Clarice gave a crazed smile to him, her eyes narrowing into smiling crescent moons. “When your visa expires and you are still in that area, you expire.”
“I’ll die?”
“Yes, and not in a pretty way either. You’ll explode like a balloon!” Clarice laughed. “That’s just how the Tower works. Even the sponsors don’t have the power to change that.”
What the hell is this, the Hunger Games? Well, at least this guide is helping me now. I should fish for as much information as possible before it’s too late.
“I see. So we need to leave the area or move onto the next area before the visa expires, right? Or, I guess, extend our visa some way.”
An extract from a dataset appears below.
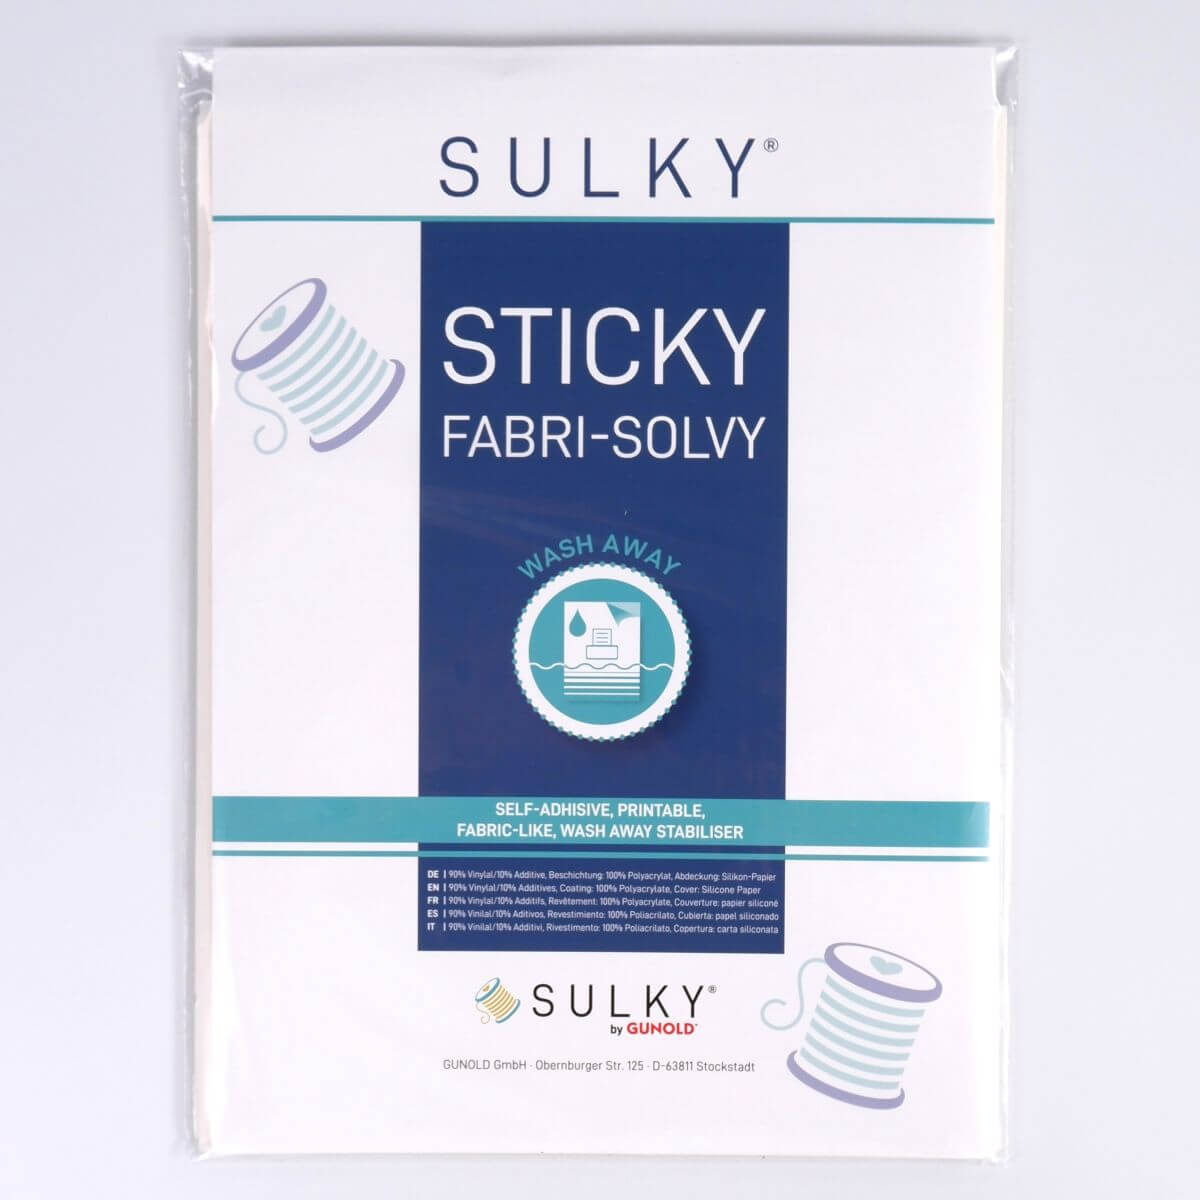 SULKY STICKY FABRI-SOLVY, 12 Blatt á 21,5cm
x 28cm

“You are very correct! Well done for a piece of trash, it looks like you have a bit of gray matter in your brain after all!”
Her blatant sarcasm and condescending tone were simply tremendous. Zack’s mom raised him to be a gentleman, but he had a raging desire to just–pardon his language, mom–kick her in the cunt right now.
The only people he met in his entire life more disrespectful to him than Clarice Roseline were Barry Cullen and his corrupt scumbag father.
“One of the main objectives of every climber in the Tower is to continuously extend their visa so that you don’t expire. You can do this by fulfilling requests issued by the Tower itself, or by taking a task ticket from the central bulletin board and completing that task or scenario.”
That sounds suspiciously simple. So I could just extend my visa forever by doing dishes or folding laundry? No, it wouldn’t be that easy.
“I’m assuming these events are not going to be easy.”
“There will be a range of difficulty for these events, but I guess I’ll tell you– some days, you won’t have a single easy task available. So you better stock up on visa extensions while you can, otherwise you might get thrown into a medium or even difficult task. That’s how many rookie climbers die.”
Her eyebrow twitched again as she glanced to her right. “That info cost me a thousand points? Are you joking right now?”
The blonde server’s glare returned to him. “If you die, I am going to dig up your grave and feed it to the dogs.”